Старый граммофон трещал и побулькивал популярным романсом, шуршали подолы платьев, с шипением наполнялись фужеры, ворковали, гудели и шелестели, переплетаясь, приглушенные голоса. В этот день оранжерея выглядела непривычно спокойной, полусонной, словно бы притененной и затушеванной крупным штрихом. Примерно такое же слегка помраченное положение воцаряется в природе на следующий день после стихийного бедствия или катастрофы. Ставшие уже привычными суматоха и столпотворение рассеялись в свежем воздухе, в холодных струях сквозняка из распахнутых настежь окон. Казалось, между пальм, кипарисов и галбурвасов, отражаясь от позвякивающих стеклянно-фасеточных стен, все еще витали отголоски недавней ругани, взрывов смеха и конского ржания, а на вытоптанных зеленых дорожках маячили призраки перекуривающих рабочих, резвящейся массовки, большеглазых Бэмби и Зулуса. Но больше всего не хватало декораций. Оставшийся от главной сцены деревянный настил и одинокий вагончик Эдварда выглядели сиротливо-жалкими руинами, последними следами погибшей цивилизации.

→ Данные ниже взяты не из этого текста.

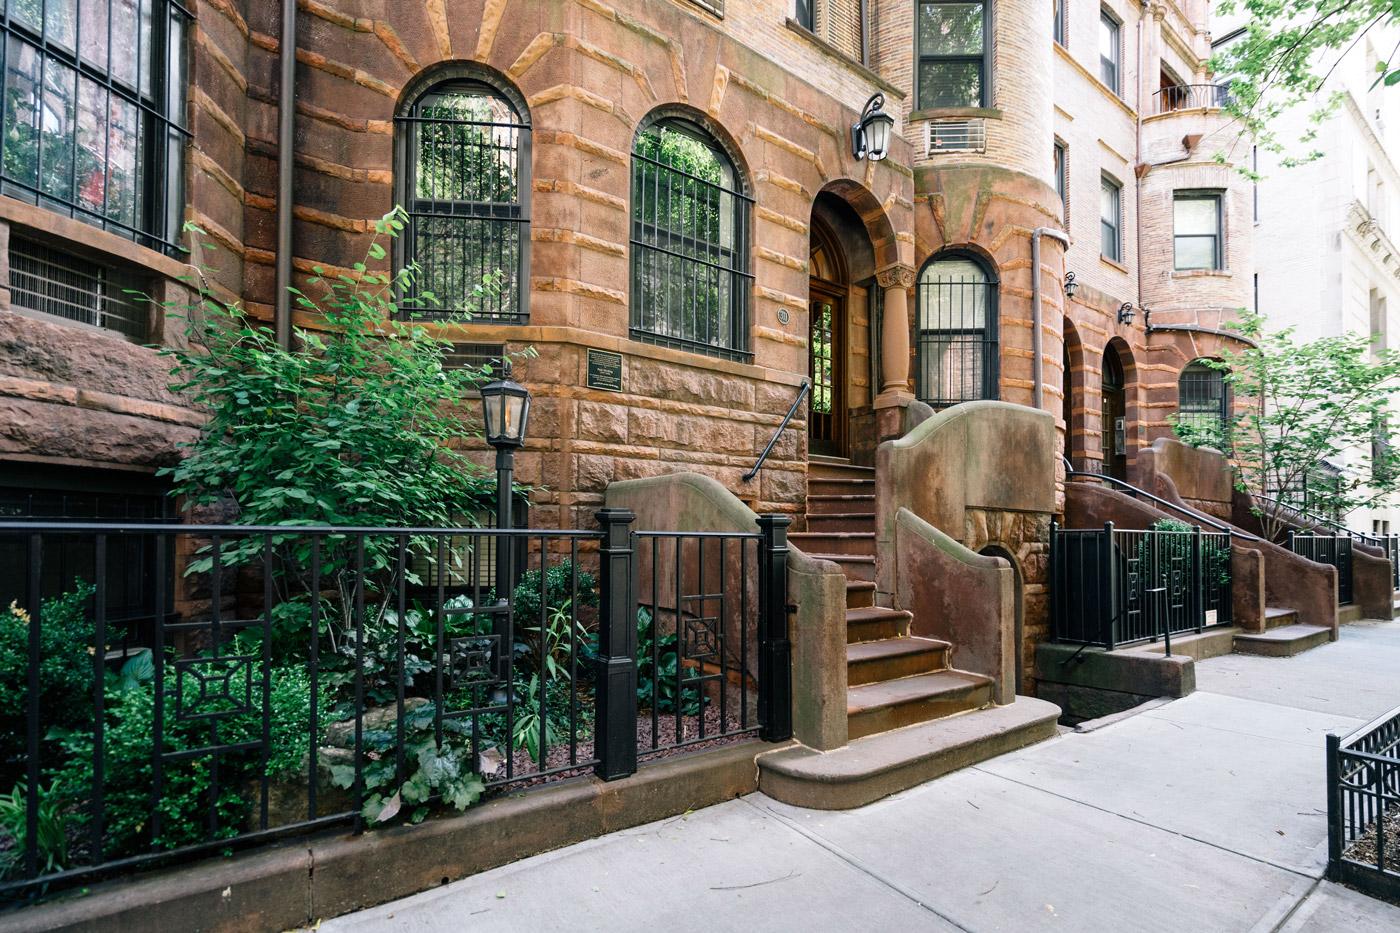 Brownstones in the Upper West Side in Manhattan

Амелия сама не понимала, как ей, убежденной приверженке орднунга*, удалось за каких-то три недели съемок свыкнуться с артистическим бедламом, который беспрестанно творился на площадке. Однако факт оставался фактом: ей было грустно расставаться с нервной и напряженной и вместе с тем безумно интересной актерской ролью. И не ей одной — на лицах всех зрителей, за исключениям, пожалуй, одного лишь Бэмби, с появлениям на экране финальных титров промелькнуло что-то вроде сожаления или грусти. Отснятая история казалась запечатленным на пленку детским сном. Такой же волшебной. Такой же светлой, драматической, полной надежды. Такой же мимолетной. Да и сами съемки, чего греха таить, сейчас, ретроспективно, засияли в серой череде однообразных будней ярким и восхитительным приключением. Дубли, дубли, дубли, волнения, переодевания, актерский азарт, доходящий до бесстыдства, поцелуи с Гарельдом...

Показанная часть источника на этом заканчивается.